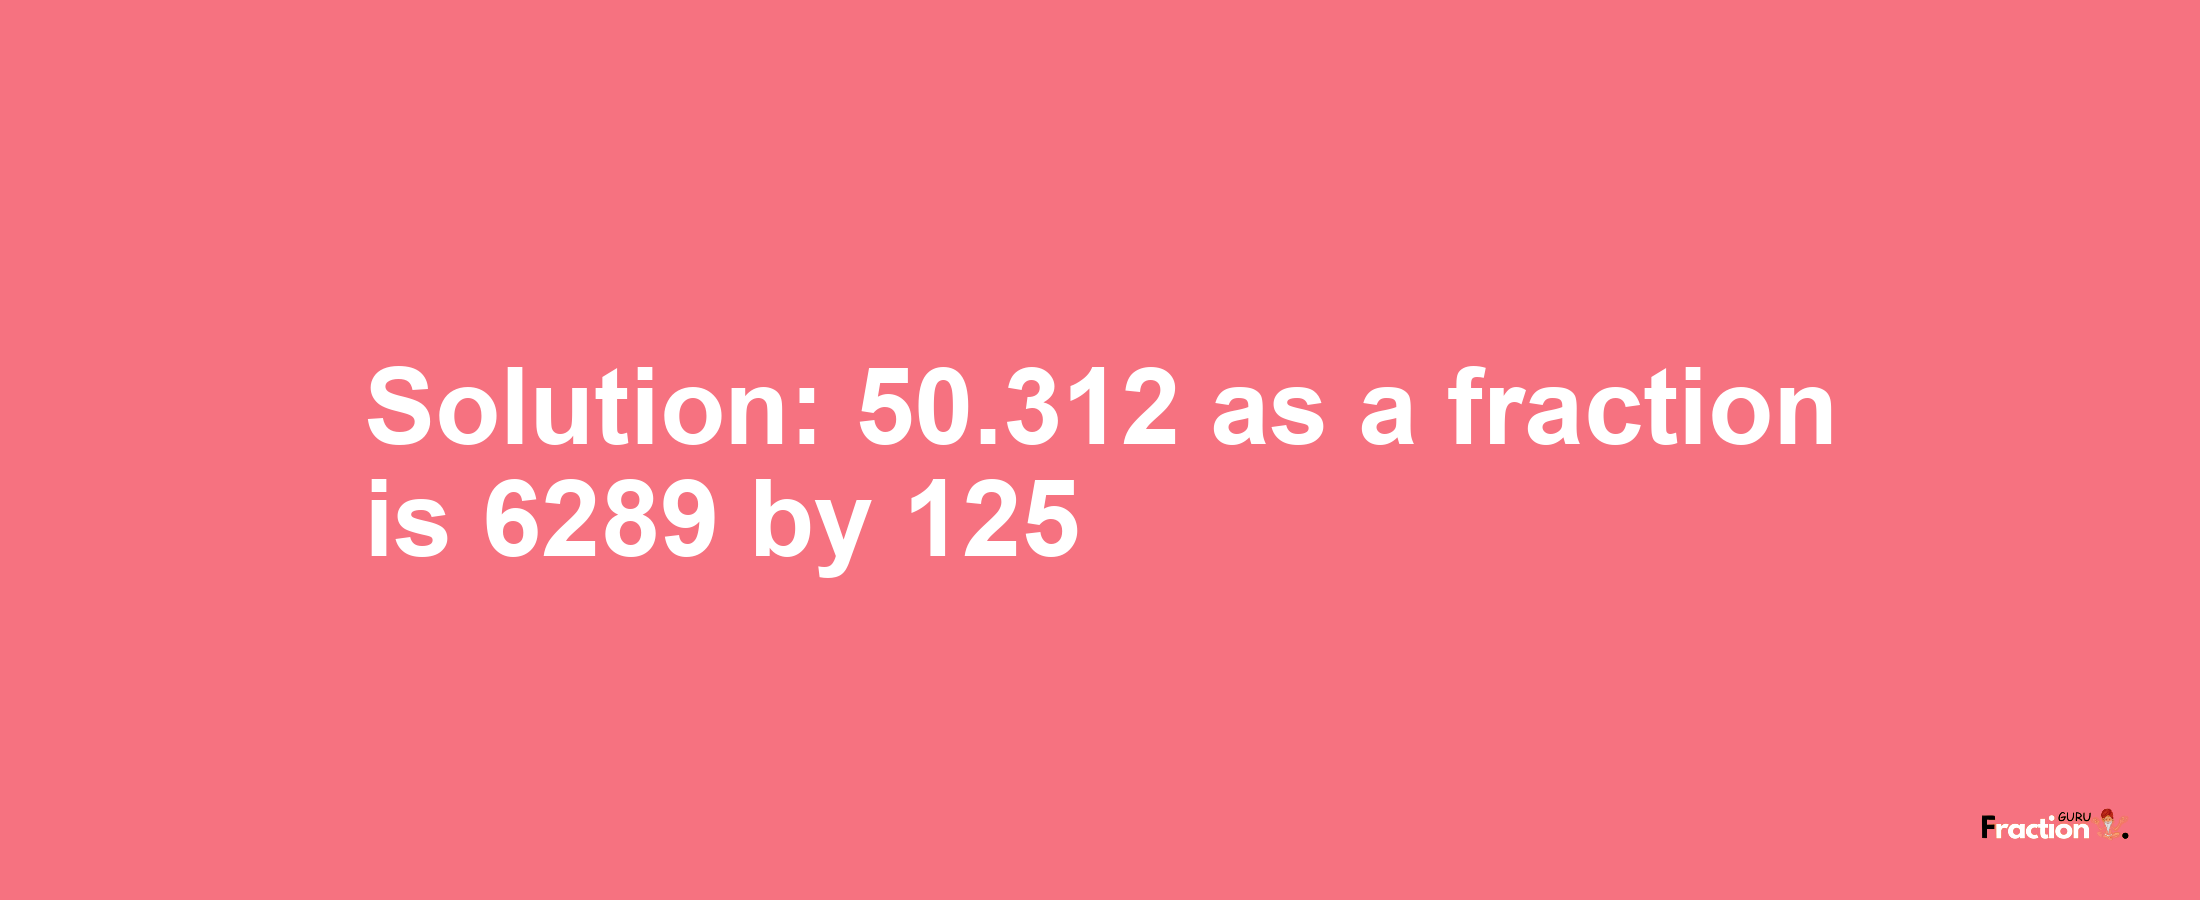 Solution:50.312 as a fraction is 6289/125
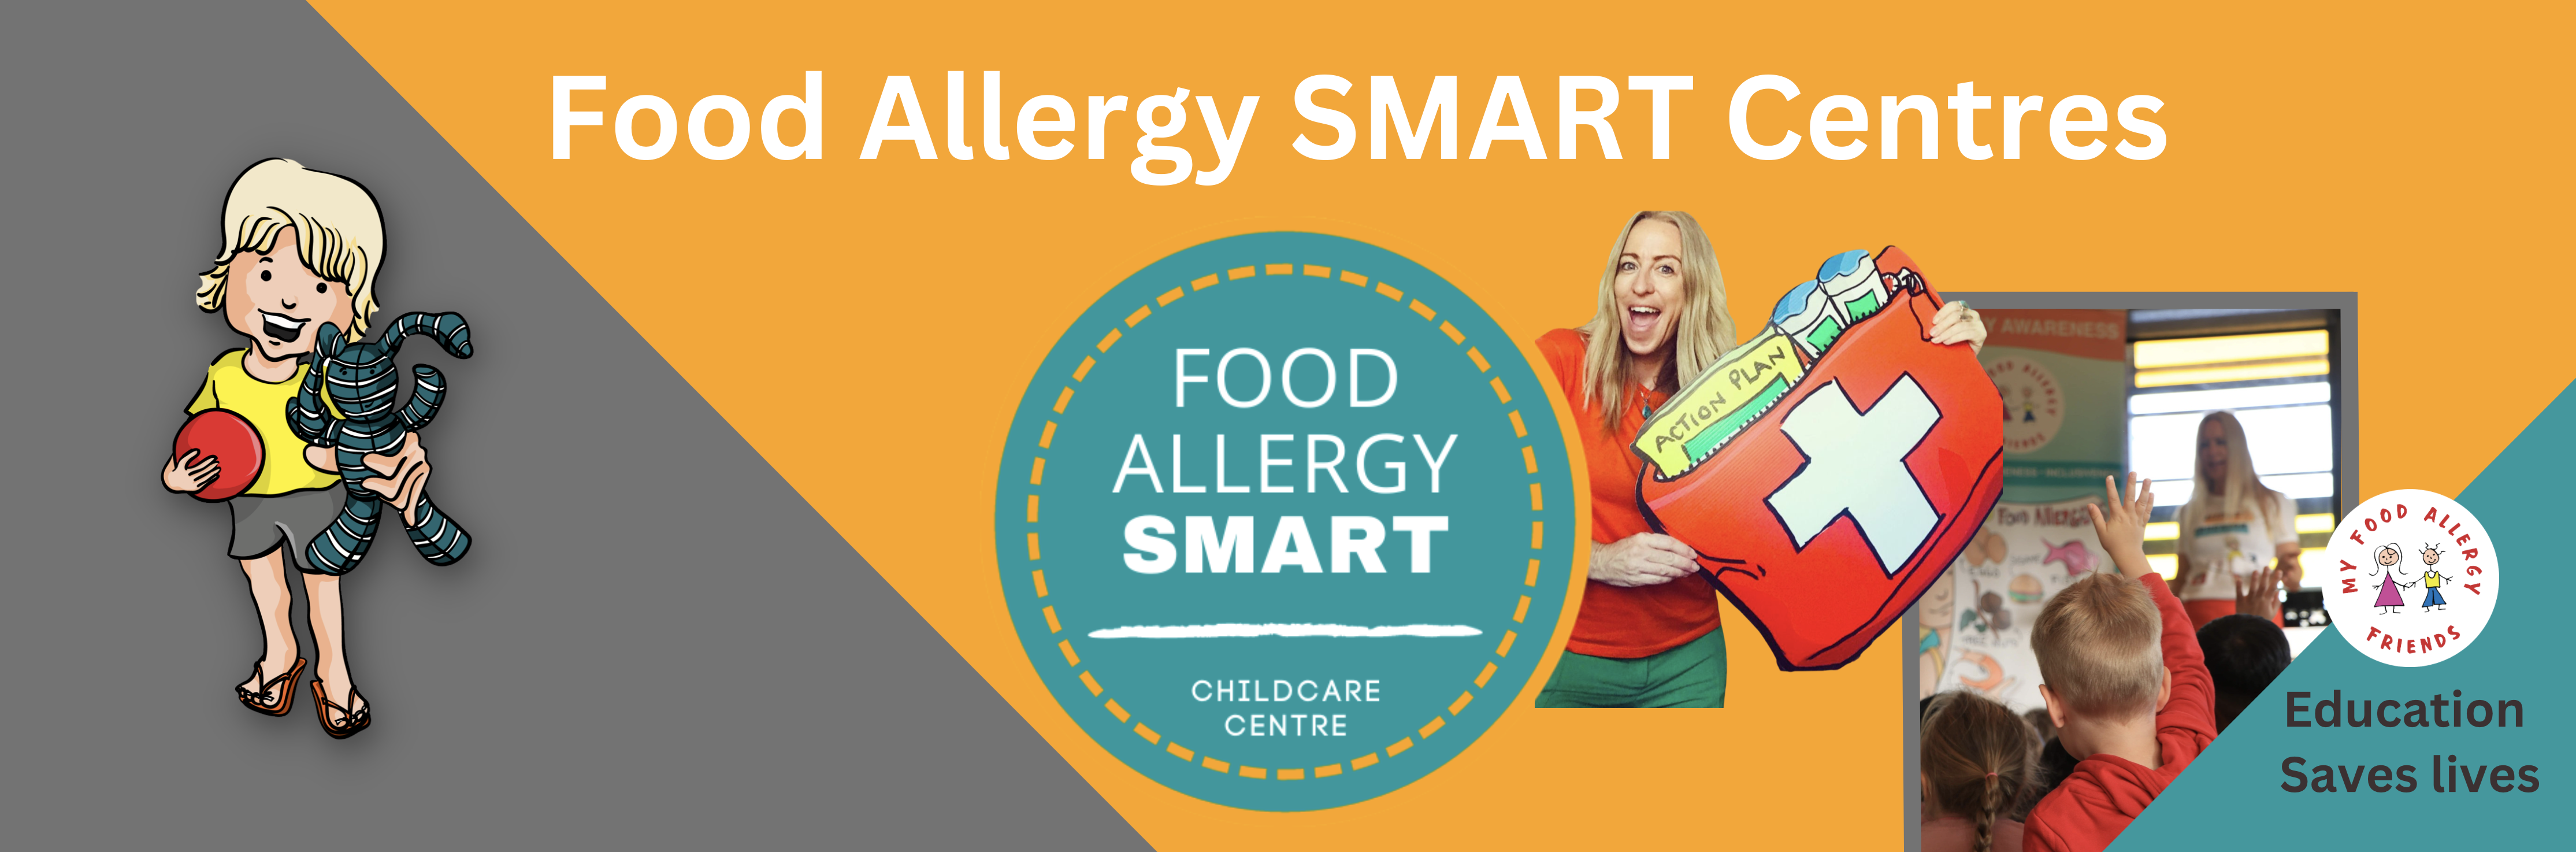 Food Allergy SMART Centres
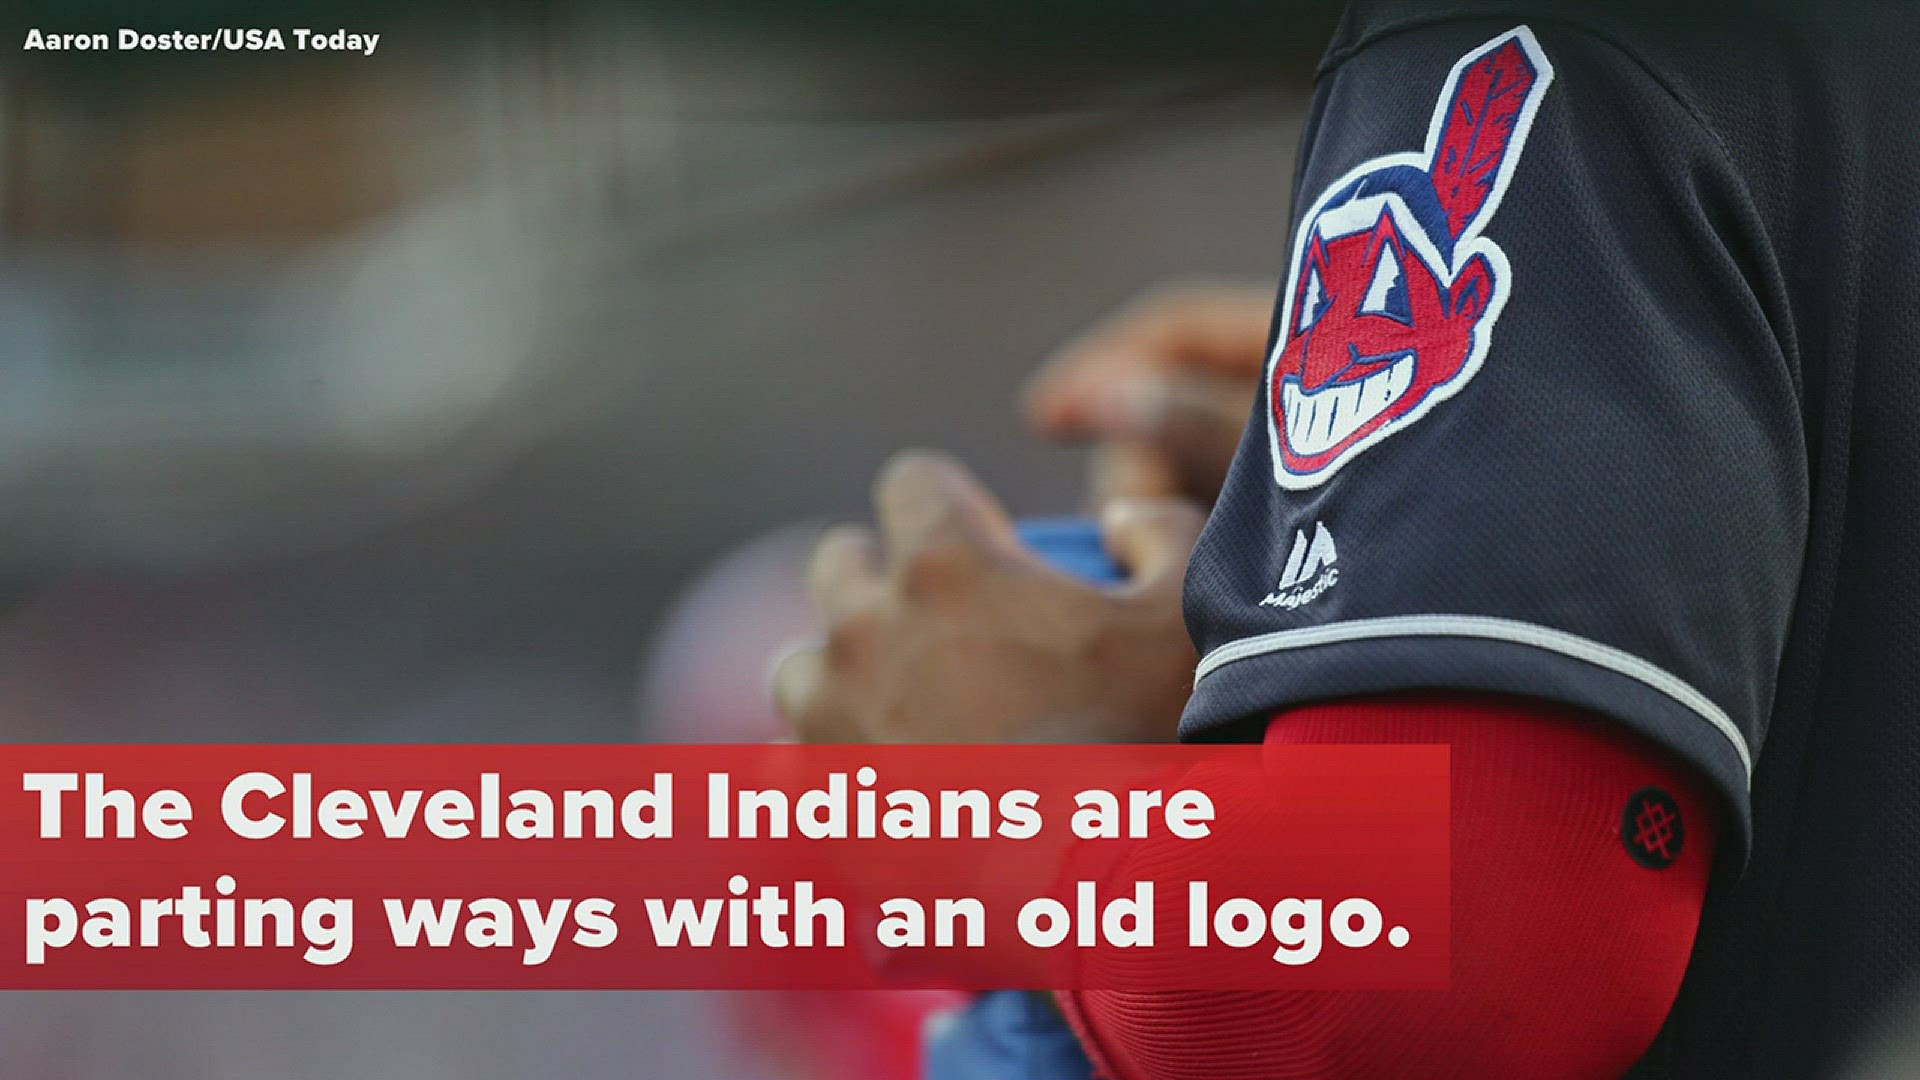 Indians removing Chief Wahoo logo from uniforms starting in 2019
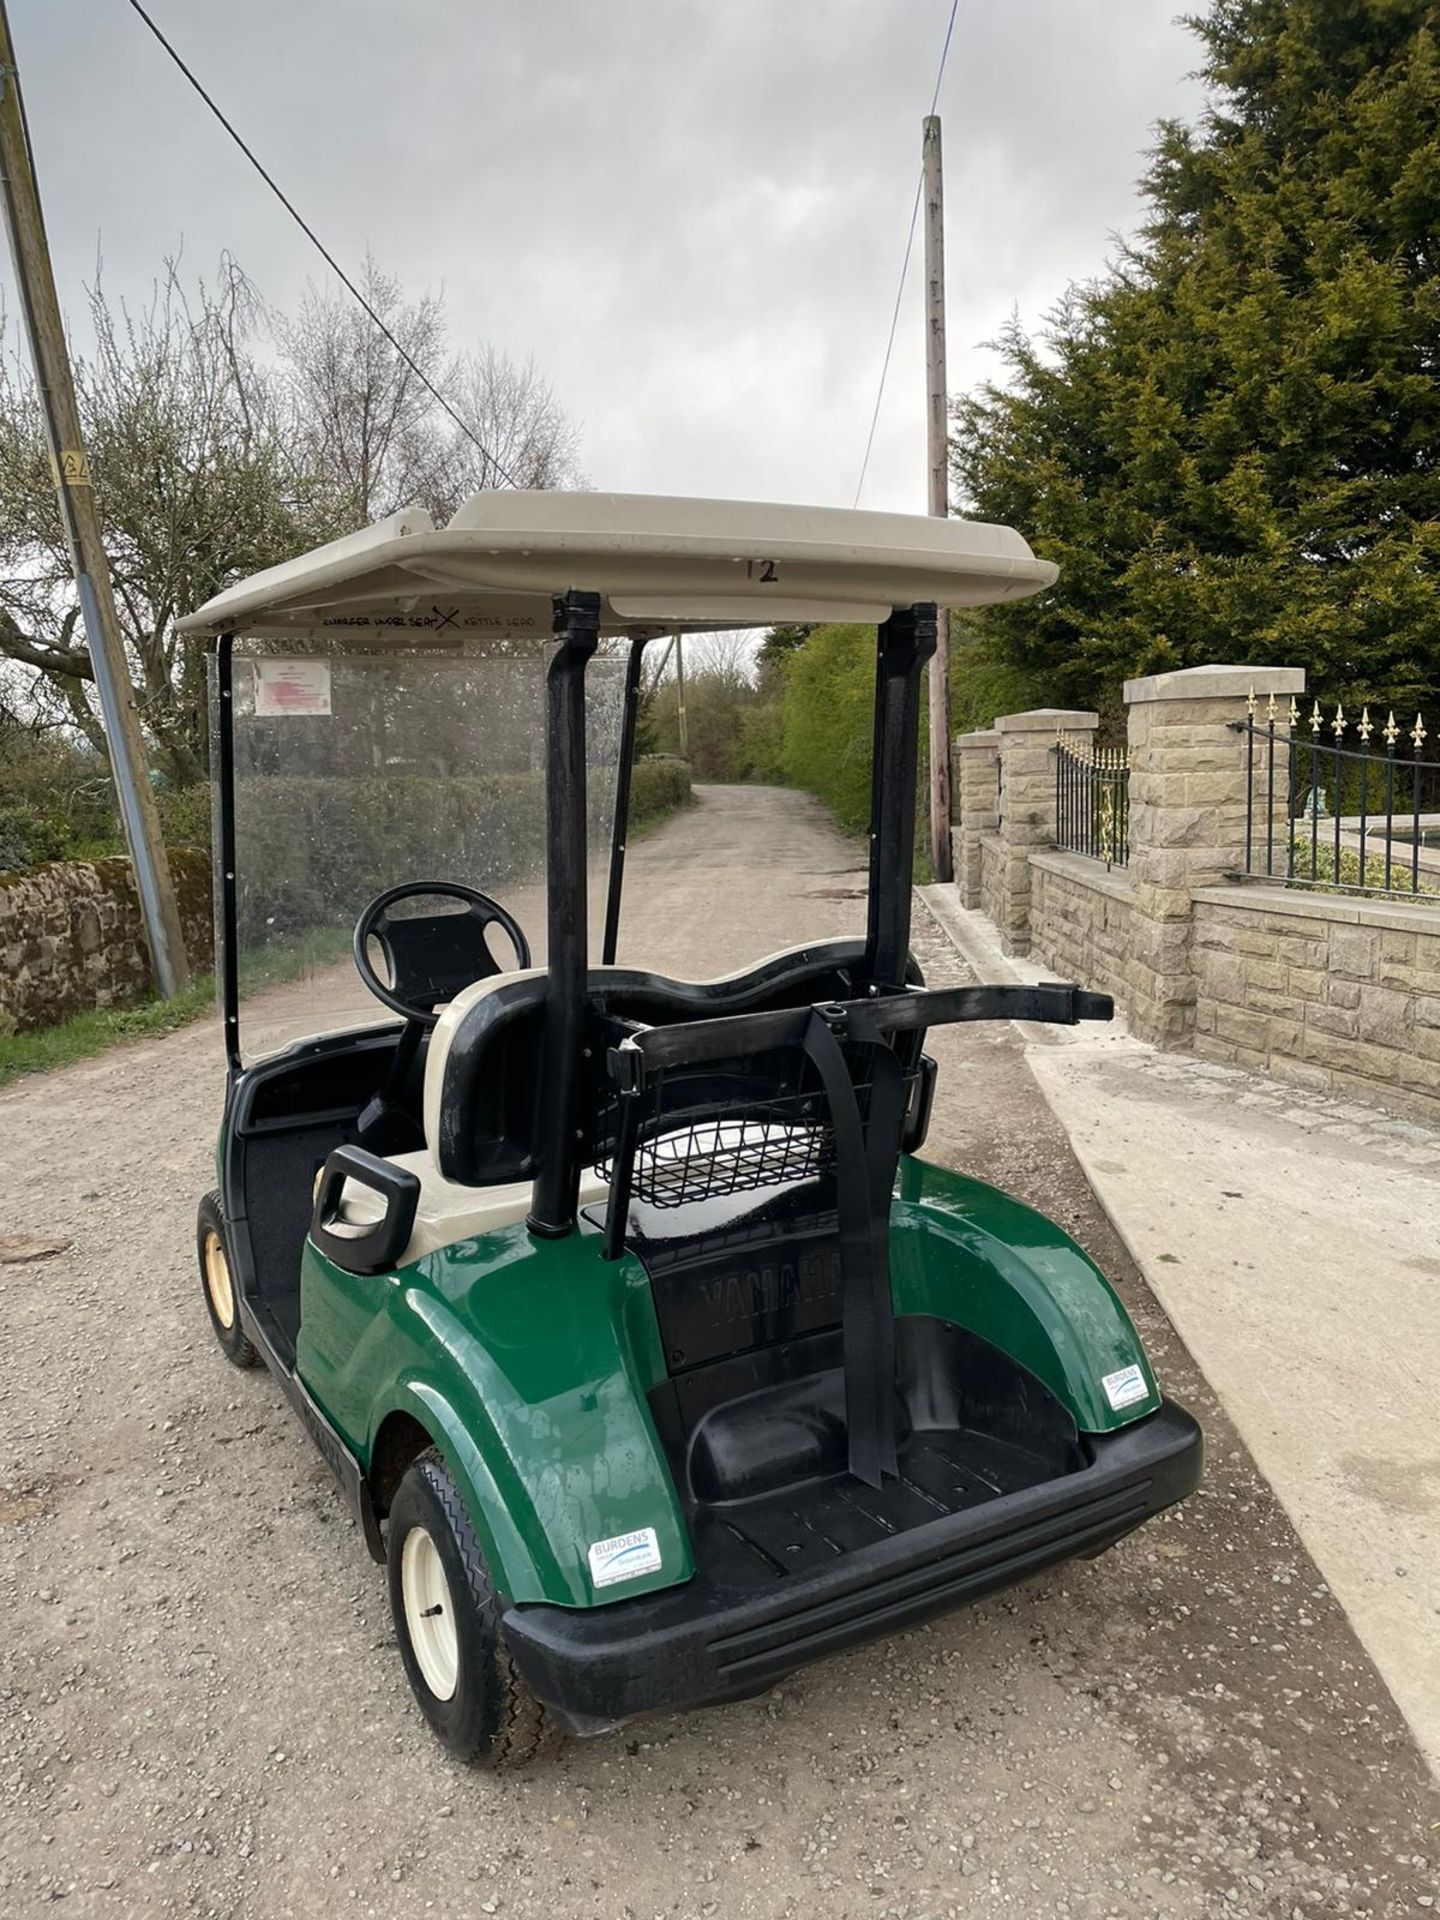 2008 YAMAHA GOLF BUGGY, DRIVE AND WORK OKAY, BATTERY OPERATED, IN GOOD CONDITION *NO VAT* - Image 2 of 5
______________________________
## TASK REQUIREMENTS
Would you please output the listing above exactly, leaving out the pictures?

## EXERCISE RESPONSE
 Solution:50.312 as a fraction is 6289/125
 Food Allergy SMART Centres
 Indians removing Chief Wahoo logo from uniforms starting in 2019
 2008 YAMAHA GOLF BUGGY, DRIVE AND WORK OKAY, BATTERY OPERATED, IN GOOD CONDITION *NO VAT* - Image 2 of 5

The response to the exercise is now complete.